Since the Brexit vote, sterling has steadily depreciated, helping to increase the costs of imports, energy and services.
Meanwhile, inflation across all OECD nations remained stable at 1.8%.
Confidence amongst UK small firms has fallen to its lowest level since the aftermath of the EU referendum, data published by the Federation of Small Businesses (FSB) has revealed.
According to the FSB’s latest Small Business Index (SBI), confidence fell to +1 during the third quarter of 2017, down from +15 in the second quarter.
63% of small firms identified the domestic economy as being a ‘barrier to growth’, whilst 35% highlighted consumer demand as being an obstacle to growth.
The SBI also revealed that 13% of small firms now expect to either downsize, hand on or close their business. Meanwhile, 70% of businesses have reported an increase in operating costs: labour, taxation and rent have all been cited as having contributed to this rise.
Mike Cherry, National Chairman of the FSB, commented: ‘Rising inflationary pressure and a weakening domestic economy are the twin drivers of plummeting confidence among small firms and consumers alike.
‘With conference season and the Autumn Budget approaching, policymakers have an opportunity to restore optimism.
‘Small firms will be looking to the Chancellor to extend a lifeline at the Budget. In such a difficult trading environment, any new tax grabs or loss of relief for entrepreneurs would exacerbate existing challenges.’
Paper identification documents, such as passports, should be replaced with a digital alternative, the Social Market Foundation (SMF) has stated.
According to research carried out by the think tank, moving to a digital form of identification could help to reduce cybercrime.
The SMF found that the number of identity fraud cases in the UK has risen significantly: an analysis of data published by fraud prevention service Cifas revealed that between 2010 and 2016, the number of identity fraud cases increased by 68%. The decade to 2020 will see around 1.5 million cases of fraud in the UK ‘if current trends persist’, the SMF predicts.
It also revealed that a correlation exists between economic deprivation and access to photographic identification. Individuals living in ‘relatively deprived areas’ are less likely to be able to access a passport or driving licence, the Foundation suggested.
Other countries around the world have already begun to use digital identification methods, and are ’embracing the opportunities’ they offer, according to the think tank.
In order to bring the UK up to speed, the SMF has recommended an ‘intuitive and secure’ smartphone app, which would store an individual’s biometric data for identification purposes.

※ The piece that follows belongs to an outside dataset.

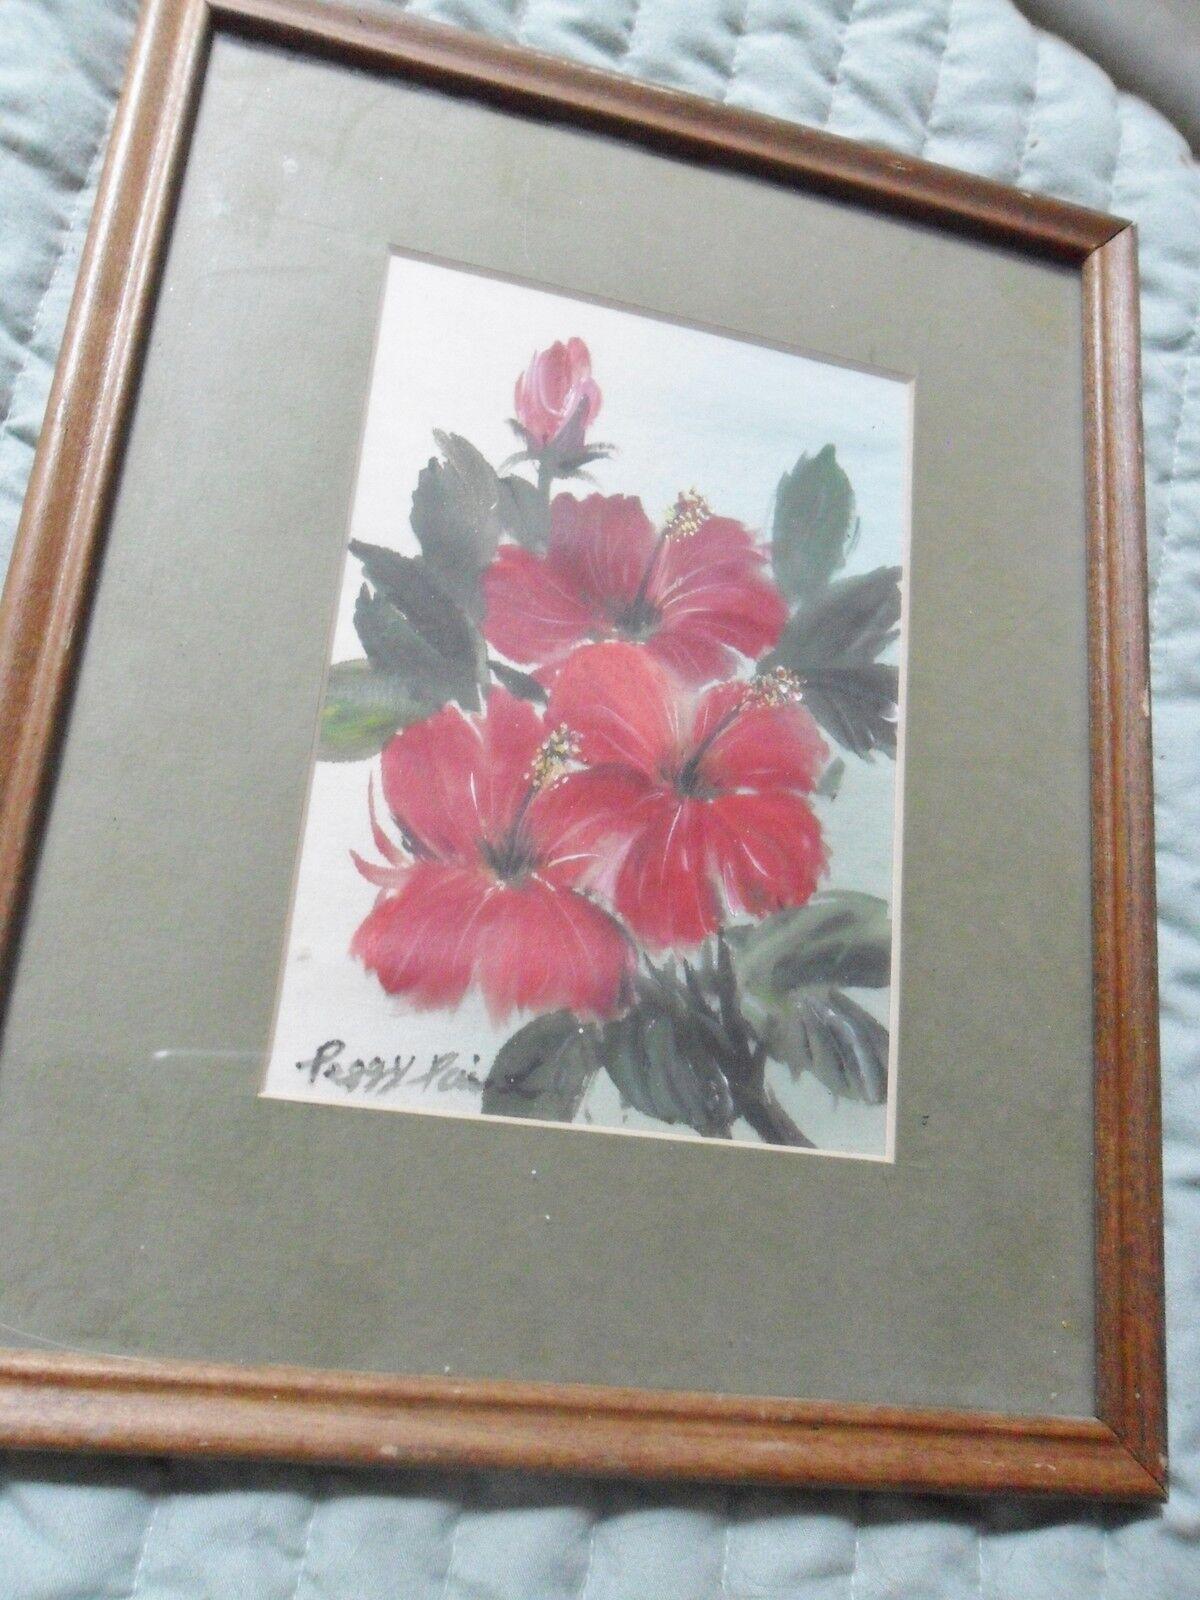 Peggy pai original oil on board hibiscus hawaii state flower peggy pai original oil on board hibiscus hawaii state flower dedicated izmirmasajfo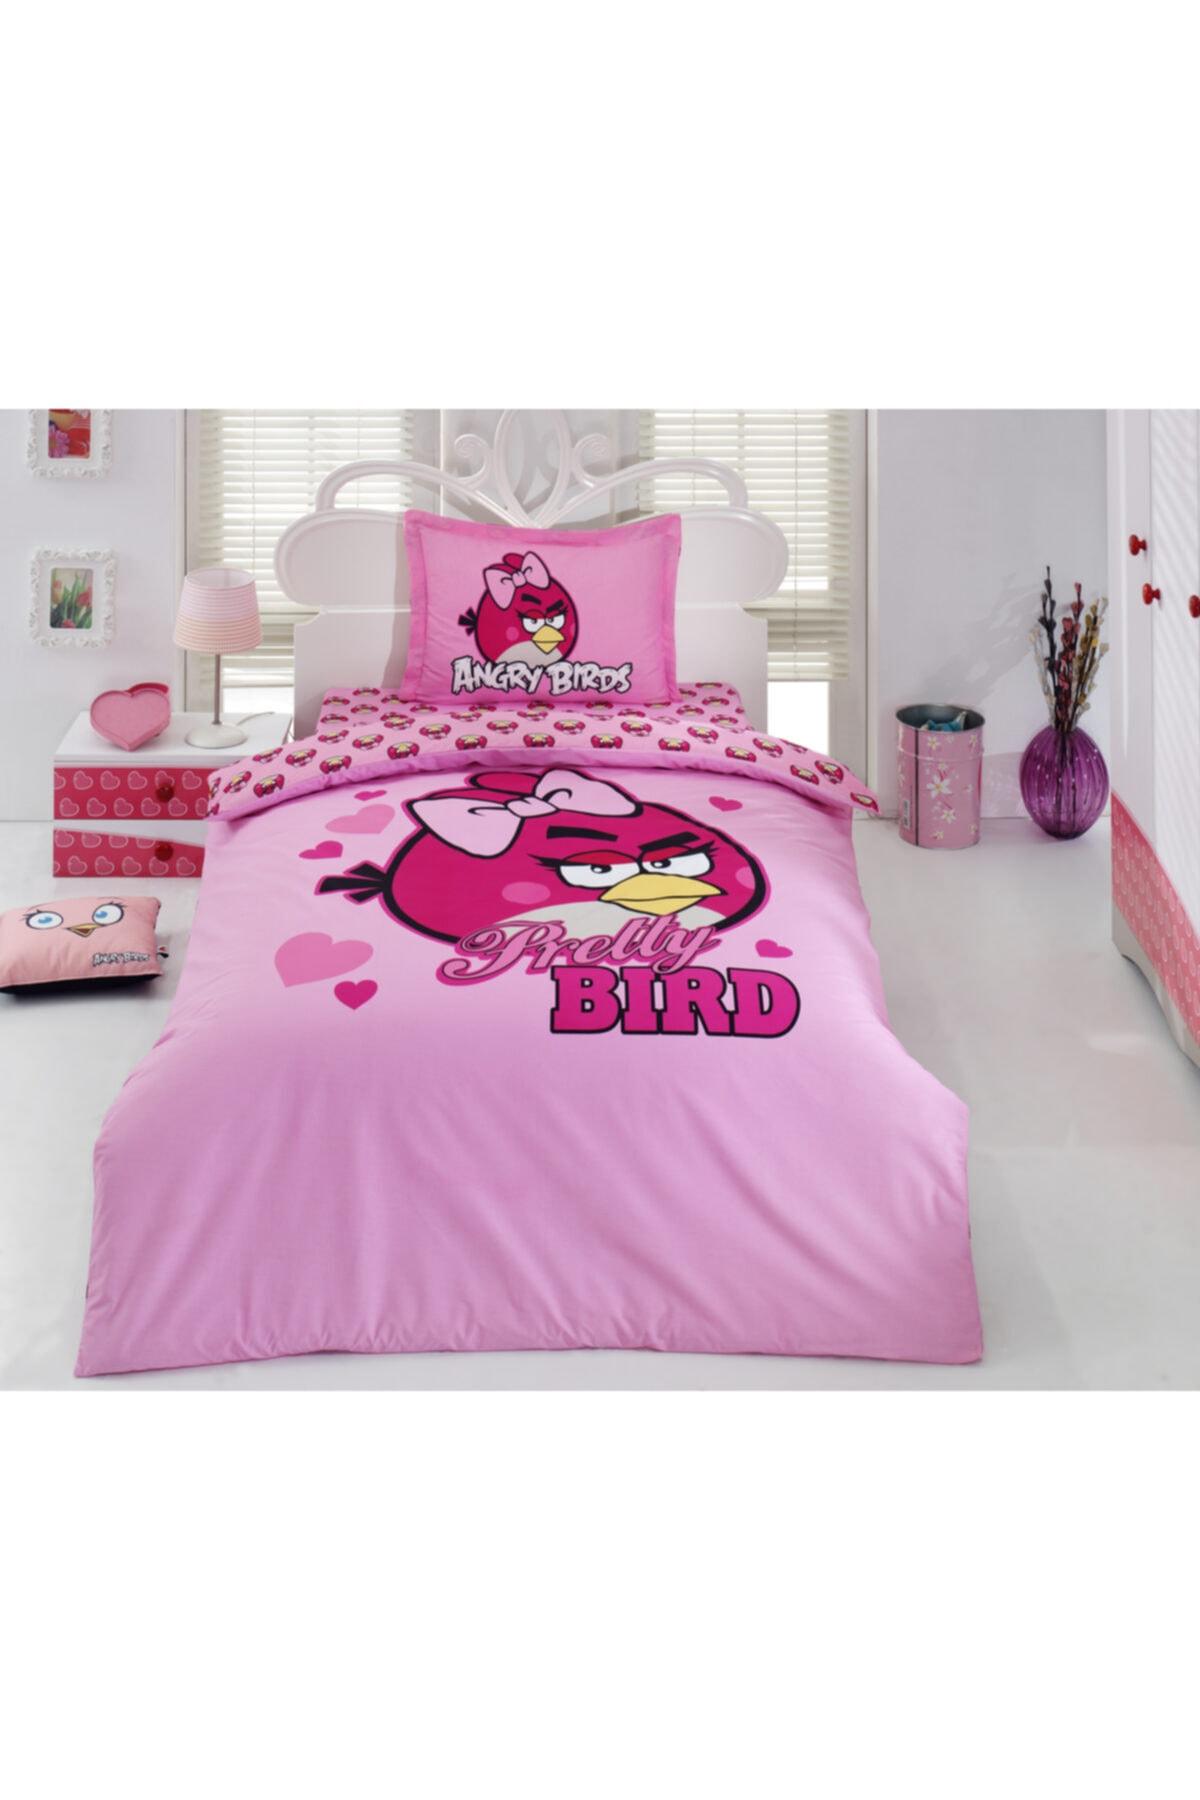 Angry Birds Angry Bırds Ranforce Pamuklu Nevresim Takımı Ab-08 1

It is also calling for the UK to become the ‘world leader’ in identity verification and authentication services.
A report published by the Institute for Public Policy Research (IPPR) has suggested that the UK’s economic model requires ‘radical reform’.
Living standards for the ‘majority of the population’ are no longer rising, the IPPR’s Commission on Economic Justice discovered. It also found that the UK is in the midst of the ‘longest period of earnings stagnation for 150 years’, with young people set to be ‘poorer than their parents’.
Productivity in the UK is 13% below the average for the richest countries in the G7, the report highlighted.
In addition, a ‘fiscal gap’ is growing between tax revenues and expenditure, which the IPPR believes will worsen as workers age and the proportion of employees declines.
The IPPR stated that the British economy needs ‘fundamental reform’, and has called for a debate on taxation, the role of the UK’s financial sector, the dominance of digital companies in their marketplace and the power held by UK trade unions.
Tom Kibasi, Director of the IPPR and Chair of the Commission, commented: ‘The British economy needs fundamental reform. We don’t have a British economic model. We have an economic muddle. The persistent economic problems we have experienced since the 2008 financial crash won’t be fixed with a bit of tinkering.
‘There is a growing consensus across business, trade unions and civil society that a radical new approach is now needed. Change should be guided by a new vision for the economy, where long-term prosperity is joined with justice for all.’